Through examining the data collected from the designed survey, we found that people in Taiwan showed high confidence in their AI knowledge. Moreover, people showed a high level of support toward AI’s capacity to improve human lives and at the same time admitted the potential that human lives could be monitored or even ruled by AI. Briefly speaking, they were highly involved in AI, with a very positive attitude and a sense of risk toward AI, similar to people in developed countries such as the US, Canada, and France in previous studies [5,97]. We tested people’s sentimental response to AI and found that most of them thought of AI as convenient, admirable, hopeful, close, and worrying and dangerous simultaneously. Thus, we can conclude that people in Taiwan are “rational optimists” or “practical optimists” regarding AI.
People in Taiwan tended to agree that AI should develop, but with effective international and domestic governance. Most respondents thought AI could create as much as possible but without autonomous decision-making capacity, i.e., not self-aware like AGI. This result confirmed again that people in Taiwan wanted to develop AI with well-defined and well-managed restrictions. Moreover, they understood that private benefit is the real driving force of AI development. That is, they dealt with realism and idealism altogether like typical educated people in a democratic society with an open market economy.
This study is one of the pioneering works incorporating how people think of the linkages between AI and the SDGs. The SDGs for quality education, industry innovation, and good health had the highest support rate. In contrast, those for reducing inequality, eradicating poverty, and economic growth gained the most concern. It was also observed that people did not care about the SDGs related to gender and other inequality. These results reflected the current situation in Taiwan that people thought they lived in an equal society as universal education, the unique health care system, and good socio-economic development offered the supporting power. Their worries about the possible negative consequences of AI development were also prominent. According to the data analysis, education played as the base for constructing a sustainable AI-aided town with an embedded innovative circular economy and high-quality water and energy services, making the residents live healthier lives. Strong correlations can be found among the three categorized AI–SDG linkages, representing a synergized point of view among the three categories of SDGs when the respondents considered AI. The findings of this study can be referred to when the perceptions of AI and sustainability issues were of interest for emerging high-tech economies such as Taiwan and other Asian countries.
The results of this study can echo the vision and context of “AI for Good” that AI-related issues are complicated and multi-dimensional. Thus, we need to use AI to improve people’s living quality and minimize the gaps between different groups at the same time. The survival and development of human beings are the ultimate objectives of all initiatives and efforts toward sustainable development. As the SDGs have become a commonly used framework to interpret sustainable development in various fields, the AI–SDG connections were shown to be applicable to indicate the critical issues of AI, i.e., the safety and dignity of humans.

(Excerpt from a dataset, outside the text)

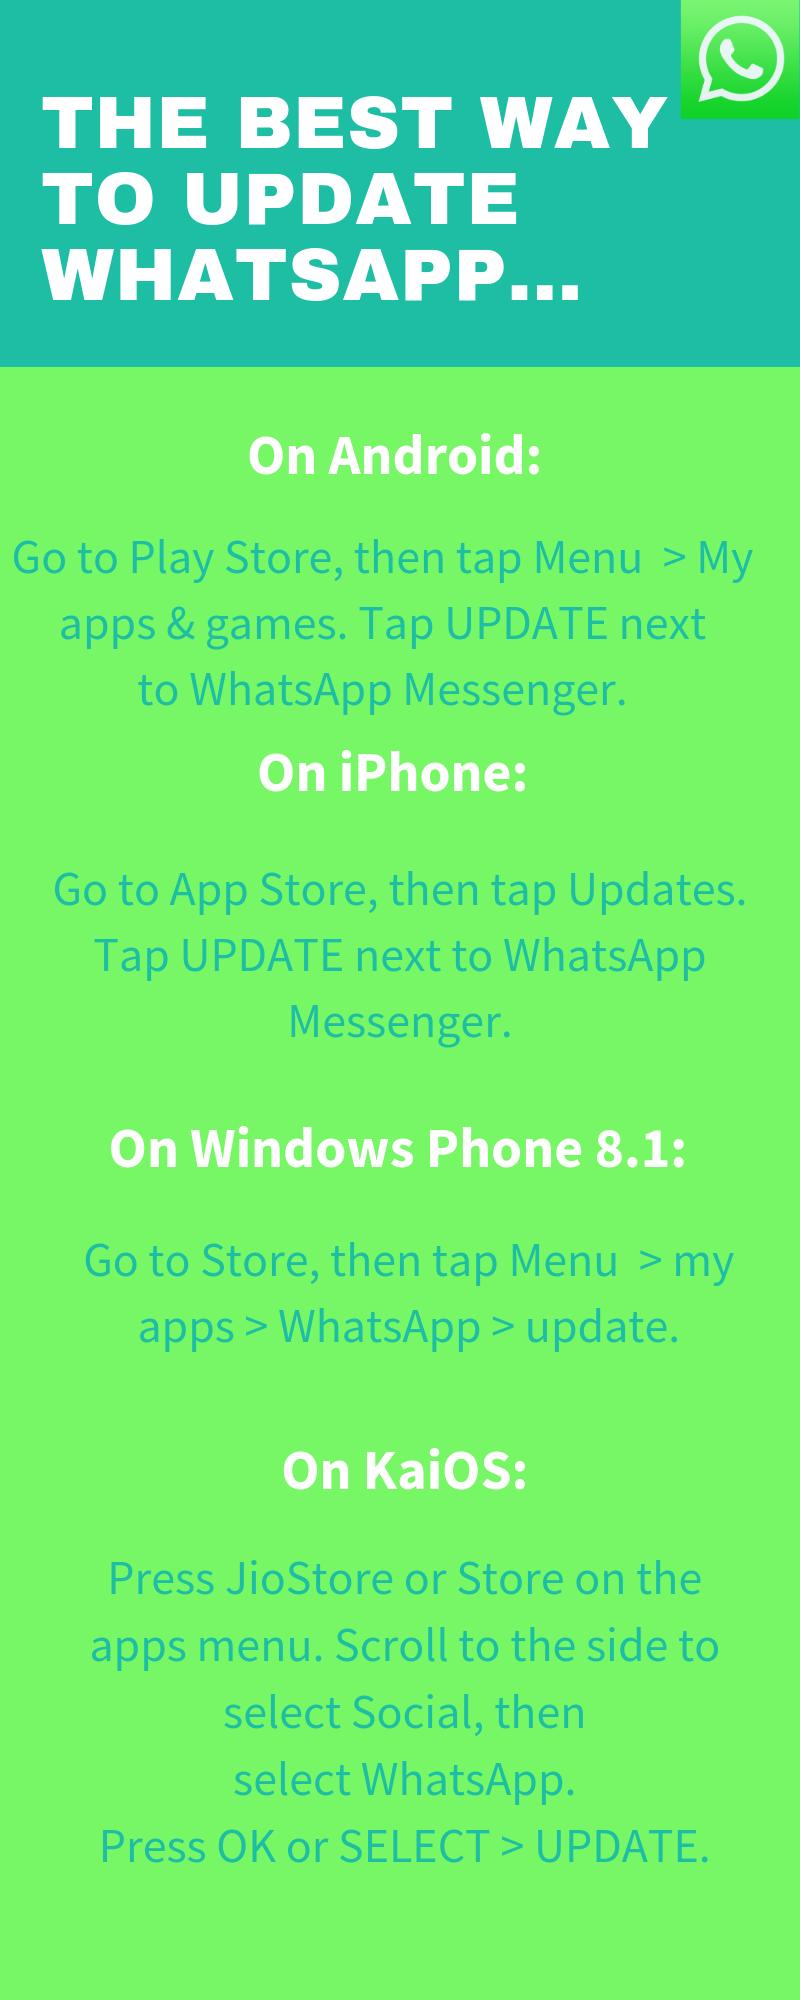 The Best Way to Update Whatsapp

Cybersecurity has already been recognized as one highly prioritized source of apparent global risks by the WEF [19]. People in a newly industrialized and democratic society such as Taiwan treated transparency, ethics, and full civil participation as the key factors of successful AI governance. This finding agrees with the core values of the SDGs, diversity, inclusion, and “no one left behind”.
We have tried to consider diversified viewpoints and aspects related to people’s perceptions toward AI, together with AI–SDG connections. However, we also needed to limit the questionnaire length to maintain the quality of sampling. Limitations of this research also included that sampling was not employed randomly. Although we assumed that people capable of answering the AI-related questions should have internet access, the sampling bias might exist as there were still many people not connecting themselves to cyberspace for different reasons.
Based on the results of this study, we may plan for further research with the survey questions more focused on the issues identified as critically important in this study. With more resources prepared, the sampling can be carried out systemically following the stratified random sampling standards. Furthermore, the quantitative research results can be strengthened with qualitative methodologies such as focus groups or expert interviews. Extended studies can also be planned and implemented for AI-related technology professionals to understand possible differences between their perceptions of AI and those of laypeople. How these professionals weigh AI development and sustainability in multiple aspects is also of significant interest.
In Taiwan, a new Ministry of Digital Development has been in the preparation stage for several years, aiming at digital government, information governance, industrial development, and other related tasks. The research results of this study can be good background information for the government as well as the civil society to have intense discussions concerning the balance between cybersecurity and data sovereignty and the trade-off between management efficiency and governance ethics. Diversified opinions could be observed from multiple stakeholders. Additionally, incorporating the framework and core values of the SDGs into AI governance should be emphasized in an open and democratic society.

Author Contributions

S.-C.Y. coordinated the study and wrote most of the manuscript; A.-W.W. performed the statistical analysis and edited the draft; H.-C.Y. and H.C.W. helped design the questionnaire and collect data; Y.-P.K. helped edit the manuscript; P.-X.C. helped check statistical tests. All authors have read and agreed to the published version of the manuscript.

Funding

This research was funded by the Ministry of Science and Technology, Taiwan (MOST 107-2511-H-003-049-MY3, 2018).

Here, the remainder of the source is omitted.